- TASK TO COMPLETE: Would you filter these records and copy every line that has the word "Clothes"?

- TASK INPUT:
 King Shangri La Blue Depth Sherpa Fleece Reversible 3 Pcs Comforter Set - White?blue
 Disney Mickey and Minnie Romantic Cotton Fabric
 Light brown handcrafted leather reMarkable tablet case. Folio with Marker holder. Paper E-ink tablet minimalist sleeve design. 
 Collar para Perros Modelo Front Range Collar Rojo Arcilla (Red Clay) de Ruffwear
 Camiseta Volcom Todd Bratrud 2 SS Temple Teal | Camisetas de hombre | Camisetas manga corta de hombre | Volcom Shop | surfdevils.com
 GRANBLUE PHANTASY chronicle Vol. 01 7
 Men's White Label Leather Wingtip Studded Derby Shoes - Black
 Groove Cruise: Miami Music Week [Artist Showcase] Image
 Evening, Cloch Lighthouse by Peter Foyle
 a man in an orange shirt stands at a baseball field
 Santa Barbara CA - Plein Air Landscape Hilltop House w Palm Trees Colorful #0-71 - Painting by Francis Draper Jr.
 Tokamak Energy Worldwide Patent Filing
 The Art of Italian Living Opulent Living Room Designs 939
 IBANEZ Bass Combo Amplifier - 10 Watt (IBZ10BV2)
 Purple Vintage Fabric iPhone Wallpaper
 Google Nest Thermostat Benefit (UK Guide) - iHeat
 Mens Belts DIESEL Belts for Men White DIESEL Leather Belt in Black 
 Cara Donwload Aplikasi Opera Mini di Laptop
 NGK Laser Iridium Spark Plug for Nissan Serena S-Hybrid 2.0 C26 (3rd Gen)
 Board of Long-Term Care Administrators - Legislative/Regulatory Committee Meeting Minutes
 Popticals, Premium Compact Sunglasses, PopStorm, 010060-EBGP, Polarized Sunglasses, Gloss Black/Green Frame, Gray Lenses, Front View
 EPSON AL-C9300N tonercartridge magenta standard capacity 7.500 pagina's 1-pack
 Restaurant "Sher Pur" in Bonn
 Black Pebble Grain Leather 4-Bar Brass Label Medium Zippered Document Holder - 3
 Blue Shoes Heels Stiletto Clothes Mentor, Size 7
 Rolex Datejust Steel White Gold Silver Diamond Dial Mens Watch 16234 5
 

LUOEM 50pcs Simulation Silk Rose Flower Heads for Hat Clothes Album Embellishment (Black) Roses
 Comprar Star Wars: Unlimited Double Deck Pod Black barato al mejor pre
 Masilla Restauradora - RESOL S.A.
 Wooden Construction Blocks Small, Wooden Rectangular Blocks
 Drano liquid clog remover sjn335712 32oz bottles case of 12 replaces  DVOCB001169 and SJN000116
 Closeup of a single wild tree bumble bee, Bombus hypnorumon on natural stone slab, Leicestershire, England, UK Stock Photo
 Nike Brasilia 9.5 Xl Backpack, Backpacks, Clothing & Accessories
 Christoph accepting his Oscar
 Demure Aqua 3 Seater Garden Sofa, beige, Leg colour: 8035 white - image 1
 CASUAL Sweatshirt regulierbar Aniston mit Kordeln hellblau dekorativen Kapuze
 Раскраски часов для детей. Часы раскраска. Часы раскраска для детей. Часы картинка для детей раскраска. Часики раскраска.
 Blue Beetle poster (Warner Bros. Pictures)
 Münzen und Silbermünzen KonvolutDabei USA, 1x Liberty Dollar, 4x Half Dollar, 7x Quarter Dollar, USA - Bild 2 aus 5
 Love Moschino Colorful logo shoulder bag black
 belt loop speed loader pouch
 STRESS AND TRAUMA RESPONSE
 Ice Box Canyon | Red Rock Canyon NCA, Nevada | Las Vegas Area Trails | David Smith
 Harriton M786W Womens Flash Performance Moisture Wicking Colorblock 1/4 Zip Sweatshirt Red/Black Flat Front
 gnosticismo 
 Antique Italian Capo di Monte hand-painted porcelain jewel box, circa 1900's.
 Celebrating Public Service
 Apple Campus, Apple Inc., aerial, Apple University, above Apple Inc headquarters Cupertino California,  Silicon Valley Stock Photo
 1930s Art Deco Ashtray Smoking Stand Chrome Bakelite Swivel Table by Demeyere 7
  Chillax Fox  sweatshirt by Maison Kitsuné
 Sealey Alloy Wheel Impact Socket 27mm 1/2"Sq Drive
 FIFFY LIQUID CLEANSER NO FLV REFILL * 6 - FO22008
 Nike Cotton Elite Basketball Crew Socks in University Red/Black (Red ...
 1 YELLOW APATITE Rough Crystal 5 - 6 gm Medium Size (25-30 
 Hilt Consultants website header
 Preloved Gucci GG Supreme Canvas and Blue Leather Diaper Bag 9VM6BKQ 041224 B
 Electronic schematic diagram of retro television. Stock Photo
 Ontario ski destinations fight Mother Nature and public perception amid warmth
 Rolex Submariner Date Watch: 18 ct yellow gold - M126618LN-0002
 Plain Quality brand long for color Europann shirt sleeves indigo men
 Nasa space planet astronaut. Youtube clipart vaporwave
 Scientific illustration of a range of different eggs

- EXPECTED OUTPUT:
 Blue Shoes Heels Stiletto Clothes Mentor, Size 7
LUOEM 50pcs Simulation Silk Rose Flower Heads for Hat Clothes Album Embellishment (Black) Roses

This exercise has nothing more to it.